The Sandia breakthrough came when scientists probed the mechanism by which a phosphor emits light. They found that the amount of green light emitted by zinc oxide does not depend upon the thickness of the crystal, but upon the density of a defect: oxygen atoms missing from their places in the crystal. Single electrons that remain in the vacant spaces emit green light when a mild electric current is introduced.
The surface rules
"Our work has shown for the first time that the electronic properties at a material's surface have a dominant effect on its luminescent efficiency," said Sandia scientist Bill Warren.
Generating light from phosphors requires large voltage drops of approximately 25 kV -- drops incompatible with battery-powered portable units. By activating the surface, however, Sandia scientists believe they can produce phosphors that operate at 0.5 kV. Less power can be applied because of newly developed microscopic structures shaped like tiny cones that deliver small amounts of low-voltage current to each red-blue-green pixel on a phosphor screen less than a millimeter away.

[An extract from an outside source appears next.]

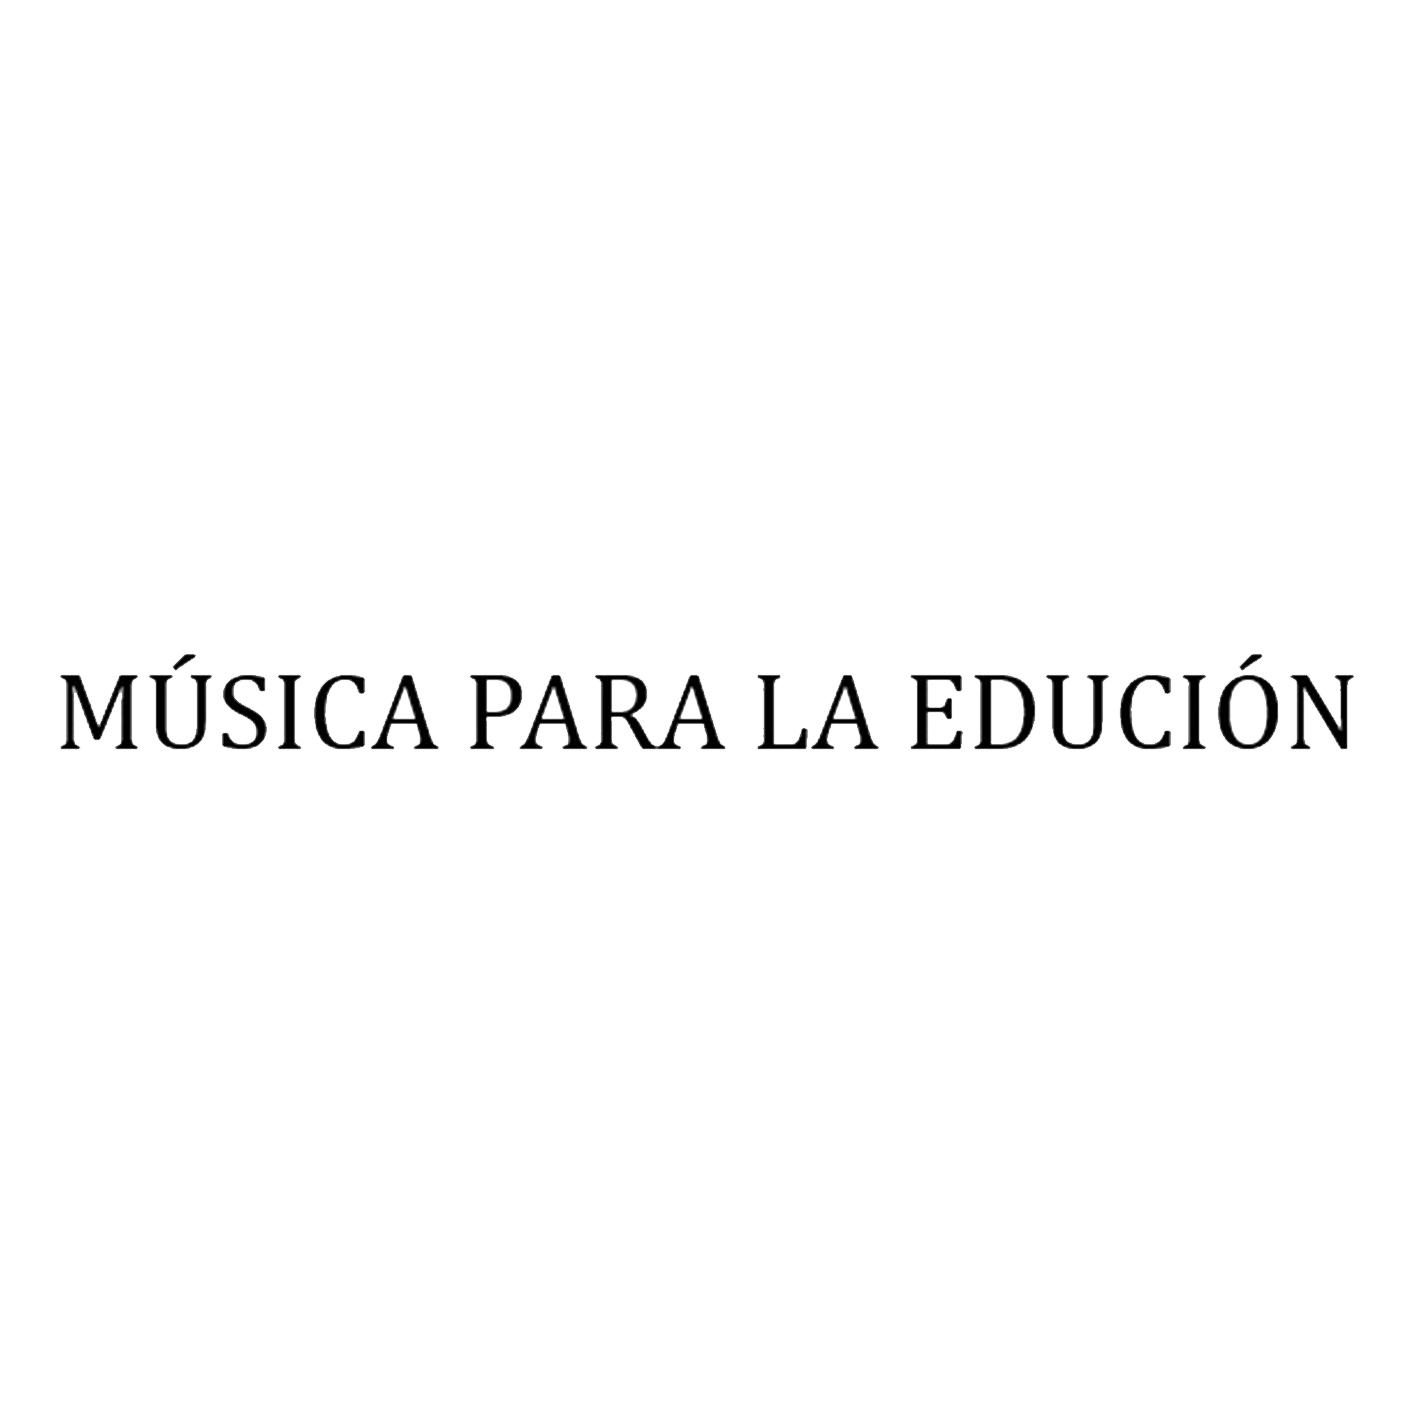 musica-para-la-educacion

Sandia's arsenal of analytical tools were the key to the discovery, said physicist Carl Seager. These include photothermal deflection spectroscopy, unavailable commercially, which determines a powder's optical absorption by measuring the increase in heat of a liquid in contact with the powder. The increase changes the liquid's refractivity, which bends a laser beam passing through it.
Sandia also uses a variety of other spectroscopic techniques, including cathodoluminescence and electron spin resonance, which allow the observation of light-emitting centers in atomic detail.